Plant-based Deep n’ Delicious Chocolate Cake

These biscuits are much faster than traditional yeast-raised cinnamon buns. (Julie Van Rosendaal)

I like using a mashed overripe banana from the freezer in this cake, which minimizes the banana flavour. (The quantity is a range, as bananas vary in size.) To make cupcakes, divide the batter between paper-lined muffin cups and bake for 20-25 minutes, until springy to the touch.

  • 1 cup oat, yellow pea, coconut or other non-dairy milk
  • 1 Tbsp lemon juice
  • 2 cups all-purpose flour
  • 1 3/4 cups sugar
  • 3/4 cup cocoa
  • 2 tsp baking powder
  • 1 tsp baking soda
  • 1/2 tsp fine salt
  • 1/2 cup canola or vegetable oil (or 1/4 cup melted plant-based margarine + 1/4 cup oil)
  • 1/3 cup vegan mayonnaise
  • 1/3-1/2 cup mashed overripe banana (or pumpkin puree)
  • 2 tsp vanilla
  • 1 cup hot coffee (decaf is fine! I keep instant on hand for baking)

Frosting:

  • 1/2 cup plant-based butter
  • 3 cups icing sugar
  • 1/3 cup cocoa
  • 1/4-1/3 cup oat, pea or other non-dairy milk (or water)
  • 1 tsp vanilla
  • pinch salt

Preheat the oven to 350˚F.

In a small bowl or measuring cup, stir the lemon juice into the milk and let it sit while you mix the rest of the batter.

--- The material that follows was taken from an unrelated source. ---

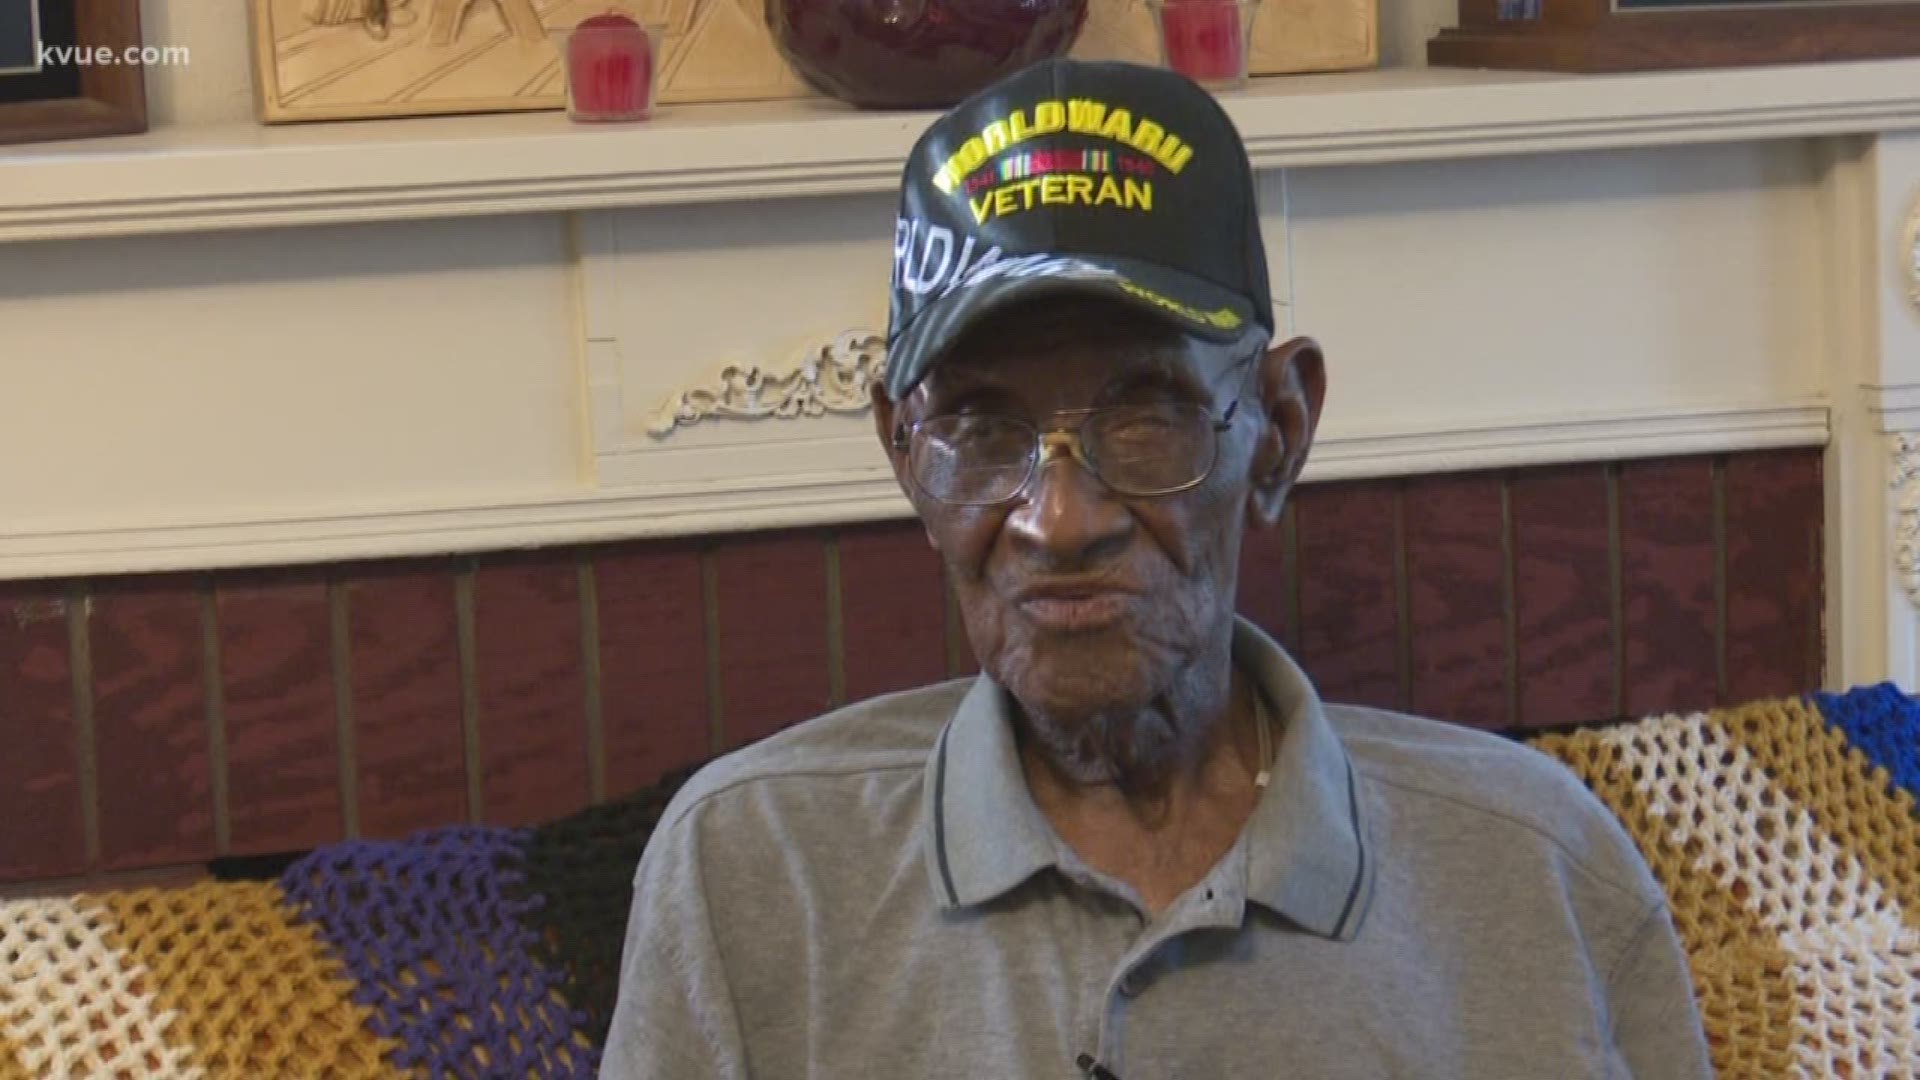 Thanksgiving means something different to everybody. For many, it's a time to give thanks to veterans who have defended our freedoms and rights. Vets like Richard Overton, the 111-year old Austinite who's had a year to remember.

In a large bowl, whisk together the flour, sugar, cocoa, baking powder, baking soda and salt. In another bowl, whisk together the oil, mayonnaise, mashed banana or applesauce and vanilla. Add to the dry ingredients along with the milk, and stir just until combined. Add the hot coffee, and whisk until the batter is smooth.

Spray two 8 or 9-inch round or square cake pans or a 9×13-inch pan with nonstick spray and divide the batter between them (or pour into a 9×13-inch pan). Bake for 35-40 minutes or until slightly tamed and the middle of the cakes are springy to the touch. Cool completely before frosting.

To make the frosting, beat the butter, icing sugar, cocoa, about half the milk or water, vanilla and salt until smooth and lighter in texture, adding more liquid as needed to make it fluffy and spreadable. (If you use unsalted margarine, add a pinch of salt.) Spoon into a piping bag with a star tip and pipe rows of frosting blossoms on top of the cake, or spread it over the top with a knife.

Makes two 9×9-inch square or round cakes or one 9×13-inch sheet cake.

Oatmeal Chocolate Chunk Cookies

A chewy oatmeal-chocolate chunk cookie is a beautiful thing. These use boiling water and baking soda in place of the egg, and are based on a classic from the yellow Best of Bridge book, Enjoy! I like to push a chocolate chunk in the top of each one too, to make sure each cookie gets one, and to make them look extra chocolatey.

  • 1 cup plant butter or coconut oil (or a combination)
  • 3/4 cup packed brown sugar
  • 1/4 cup sugar
  • 2 tsp vanilla
  • 1 1/2 cups all-purpose flour
  • 1/2 tsp fine salt
  • 1 tsp baking soda
  • 1/3 cup boiling water
  • 1 1/2 cups old-fashioned or quick oats
  • 1-2 cups (or so) chopped dark chocolate or vegan chocolate chips
  • 1/2 cup chopped walnuts or pecans (optional)

Preheat the oven to 350˚F.

In a large bowl, beat the butter, sugars and vanilla for 1-2 minutes, until pale and light. Stir in the flour and salt (or beat it in on low speed). Stir the baking soda into the boiling water and stir or beat it in too, along with the oats, chocolate chips and walnuts.

Drop the dough in large spoonfuls (or use a scoop, or roll into balls) and if you like, press an extra chunk of chocolate (or a few chocolate chips) into the top with your hand.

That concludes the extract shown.